Understanding SICER2 Output

Unless you use special parameters(--significant_reads, No explanation is provided for this parameter), the result of the SICER2 will be four files in the specified folder (-o option). The four files are described below:
1. Name(-t_-c)-Number(-w)-Number(-g).scoreisland (e.g. shCtrl_H3K4me3-W50-G100.scoreisland): This file is delineation of significant islands controlled by E-value of 1000 (-e 1000is default). It is in “chrom start end score” format.
2. Name(-t_-c)-Number(-w)-normalized.wig (e.g. shCtrl_H3K4me3-W50.normalized.wig): this file can be used to visualize the windows generated by SICER2. Read count is normalized by library size per million. It is can be loaded directly to the IGV or UCSC brower.
3. Name(-t_-c)-Number(-w)-Number(-g)-FDR(-fdr)-islands.bed (e.g. shCtrl_H3K4me3-W50-G100-FDR0.05-island.bed): This file indicates delineation of significant islands filtered by FDR. It has the following format: chrom, start, end, read-count. It is can be loaded directly to the IGV or UCSC brower.
4. Name(-t_-c)-Number(-w)-Number(-g)-islands-summary (e.g. shCtrl_H3K4me3-W50-G100-islands-summary): summary of all candidate islands with their statistical significance. It has the following format: chrom, start, end, ChIP_island_read_count, CONTROL_island_read_count, p_value, fold_change, FDR_threshold.
This file (4) will be used for further analysis. Note that it has no extension.

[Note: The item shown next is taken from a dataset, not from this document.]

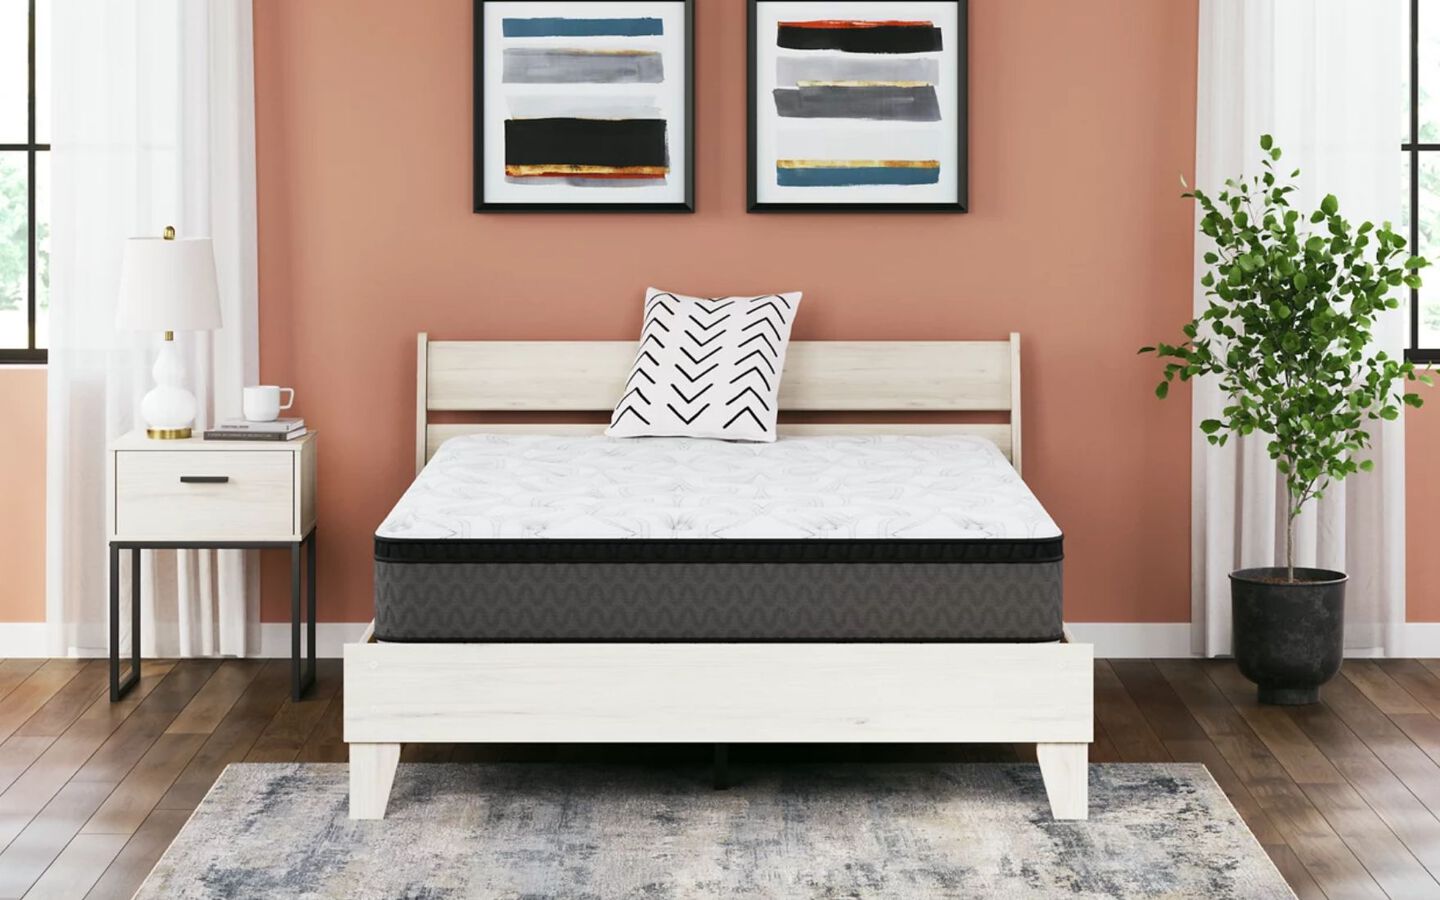 Grey and black mattress on a white bedframe in a bedroom

In practice, the structure of the file is as follows:

> jchoi:RAW_SICER2/ $ ll
total 469984
-rw-r--r--  1 jchoi  staff   1.5M Dec 12  2022 shCtrl_H3K4me3-W50-G100-FDR0.05-island.bed
-rw-r--r--@ 1 jchoi  staff   5.0M Dec 12  2022 shCtrl_H3K4me3-W50-G100-islands-summary
-rw-r--r--  1 jchoi  staff   2.4M Dec 12  2022 shCtrl_H3K4me3-W50-G100.scoreisland
-rw-r--r--  1 jchoi  staff   221M Dec 12  2022 shCtrl_H3K4me3-W50-normalized.wig

Adding Your Own Species

The necessary reference genomes for running SICER2 are listed in the GenomeData.py file. This section provides guidance on incorporating your own genome data for species not already included. For example, I will detail the process of adding genome information for ‘Oryza sativa’.

Step 1. Calculate the Chromosome Sizes

Obtain the DNA sequence of the desired genome (Oryza sativa in this guide) from Ensembl in FASTA format (fa extention).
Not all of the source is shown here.